標高およそ550メートルの場所にあること、すぐそばに富士山を抱くことで、天候に関しては決して安定したものではありません。
夕方から急に冷える。霧が深い。そして雨が多い。
0.1秒を争うドライバーにとって、過酷な条件での戦いになります。
富士山は、数々のレースを見守ってきました。
響き渡る爆音。歓声。あくなき挑戦への拍手。
そこには数々のドラマがありました。
5月1日は、日本を愛し、日本人が愛した、あるF1ドライバーの命日です。
音速の貴公子と呼ばれた男、アイルトン・セナ。
1994年5月1日、イタリア・イモラでのF1グランプリ決勝で、彼は開幕から3週連続のポール・ポジションでスタート。
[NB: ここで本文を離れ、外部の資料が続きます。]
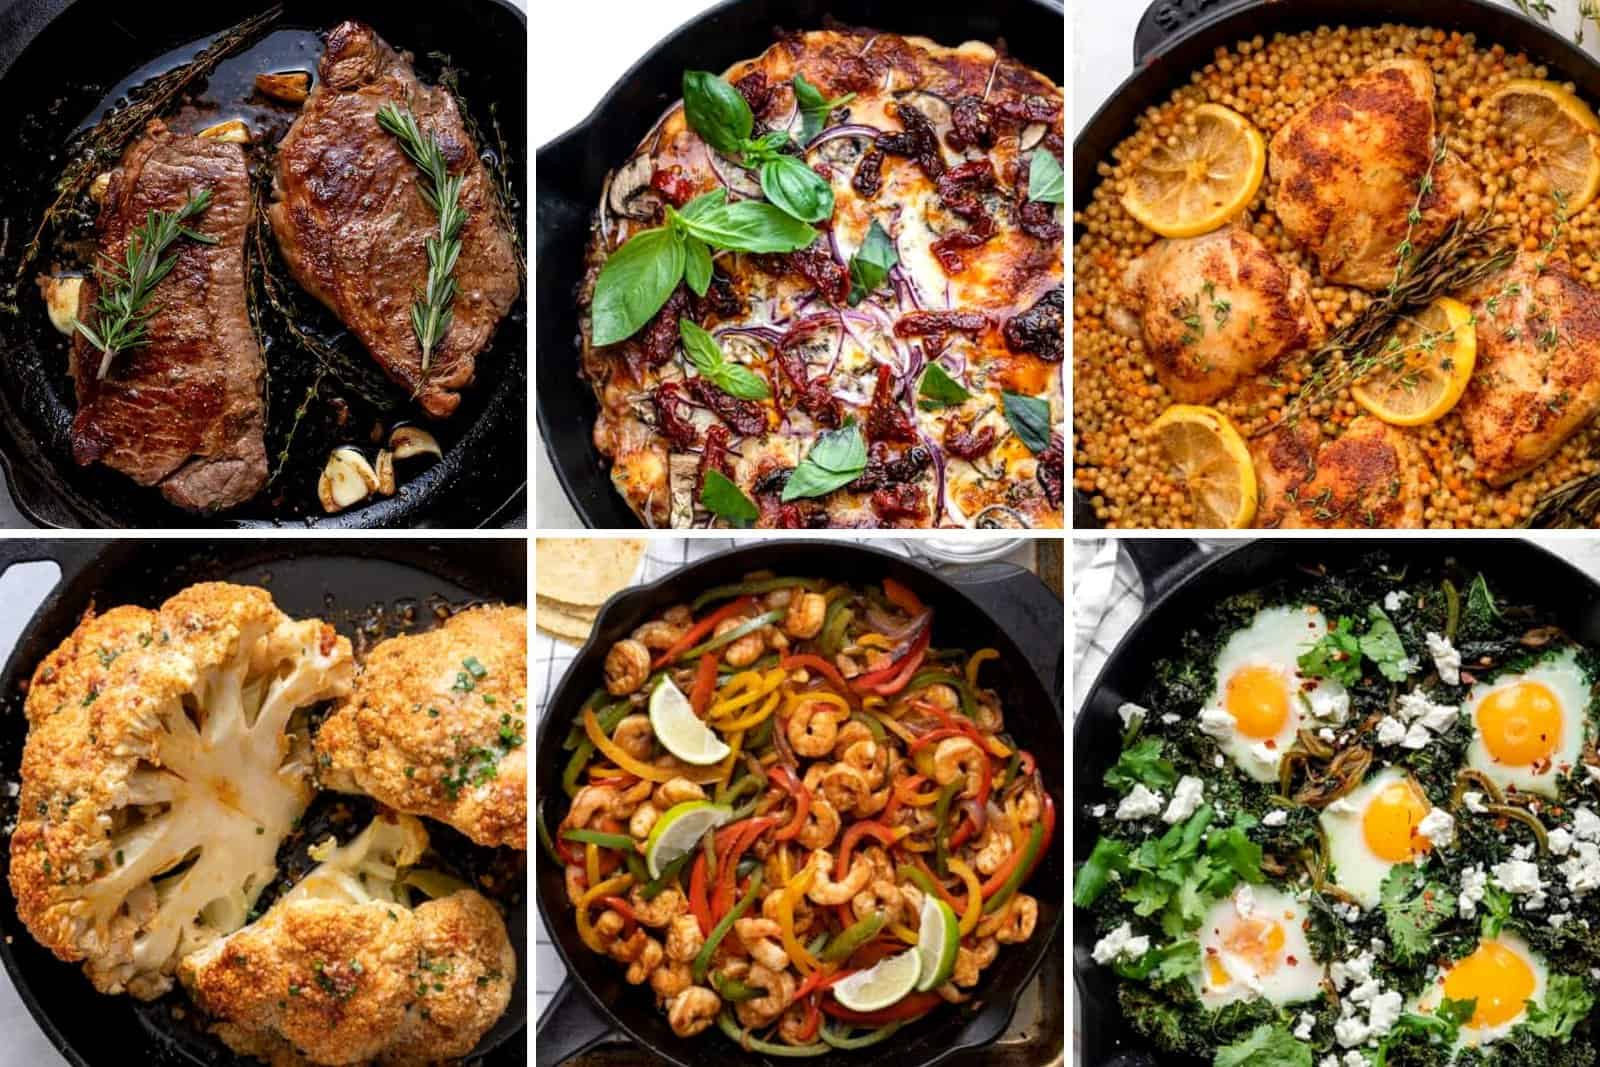 The Best Cast-Iron Skillets of 2023
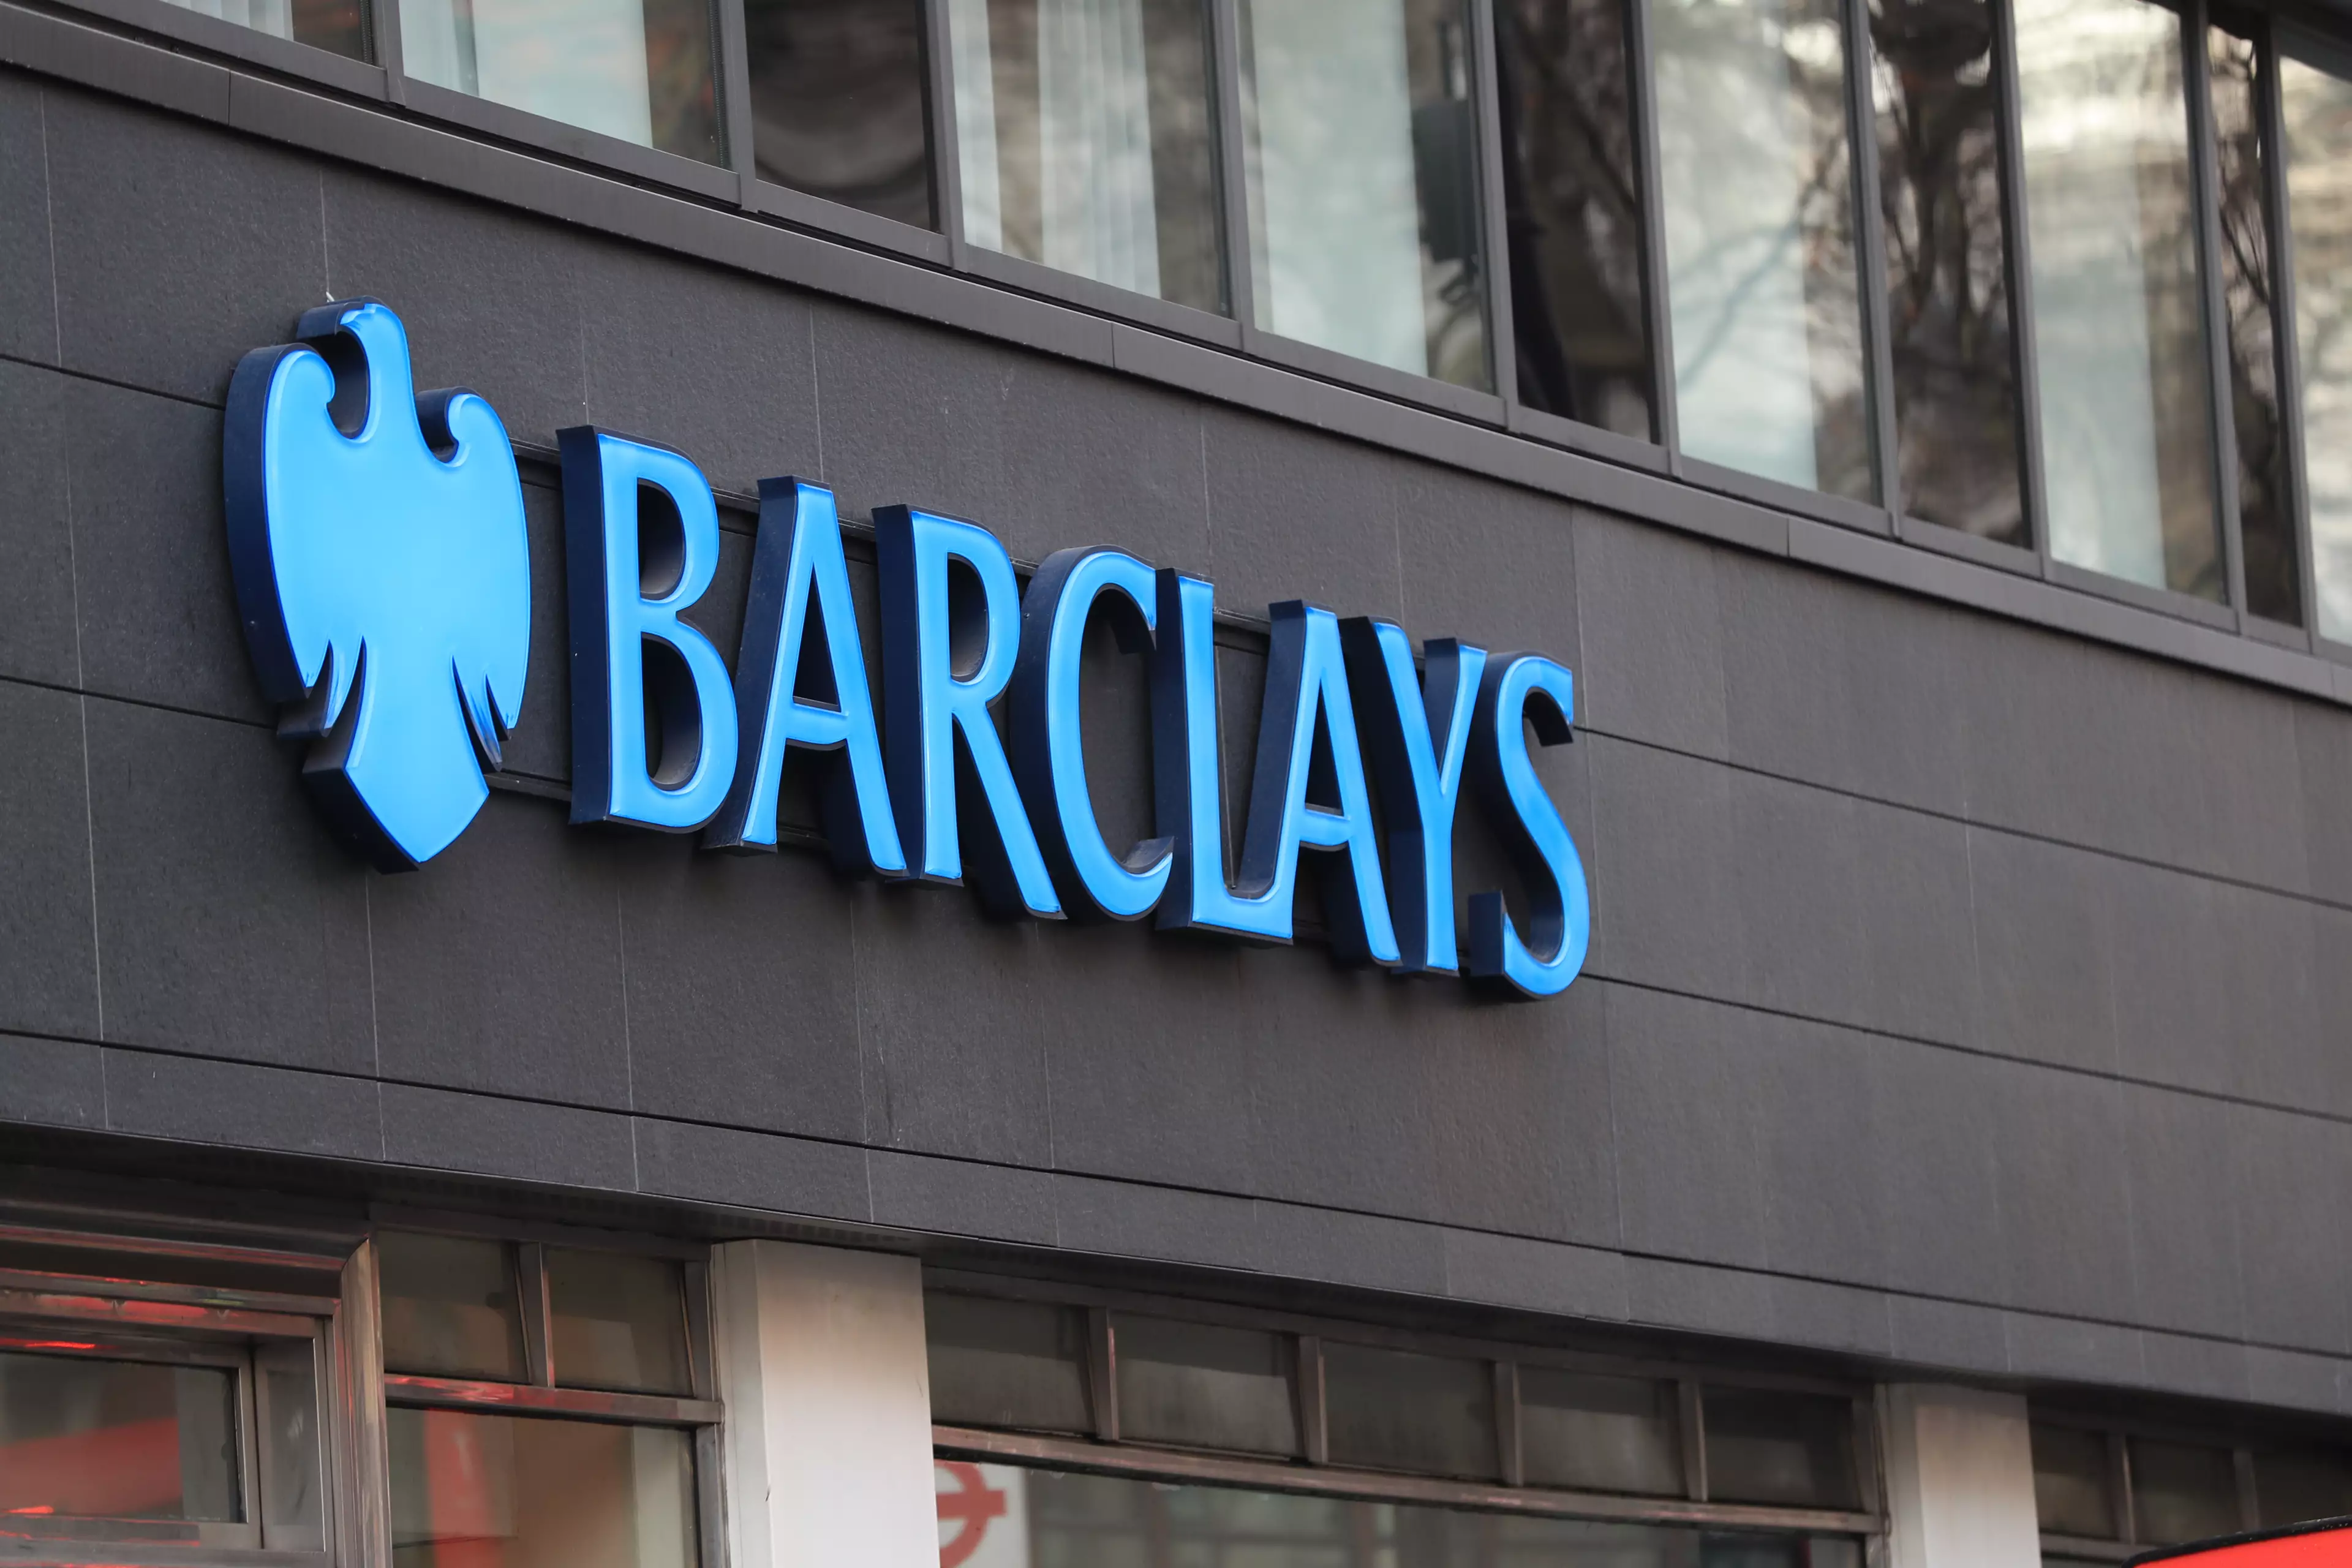 Barclays Family Springboard could be good news, if you've got a generous family member willing to help out.

ミハエル・シューマッハを後ろに従え、首位のまま、7週目を迎えていました。
超高速・左コーナー、タンブレロに時速312キロで突っ込む。
そこで悲劇は起こりました。
直進してコースアウト。コンクリート・ウォールに激突して、マシンは大破しました。
享年34歳。世界中が彼の死を悼みました。
彼のドライビングスタイルを危険、無謀というひとがいるかもしれません。
でも、彼は最後の最後まで、生きようとしていました。
コンマ数秒で5速にシフトダウン。わずか1.2秒で、100キロ近く減速していたのです。
この技術は神業としか言えません。
セナは、レースを始めた頃、雨が苦手でした。
でも、なんとか克服したい。
サーキットに水をまき、雨に強い自分を構築しました。
天才、と誰もが言う。でも、その影で、彼はもがき、苦しみ、自分の弱さと闘ってきたのです。
アイルトン・セナが強くなるためにつかんだ、明日へのyes!とは?
レーシング・ドライバー、アイルトン・セナは、1960年3月21日、ブラジルのサンパウロに生まれた。
父はやり手の実業家。
農場や牧場経営、自動車修理工場や商店を営む、地主であり、サンパウロでは有名な経営者だった。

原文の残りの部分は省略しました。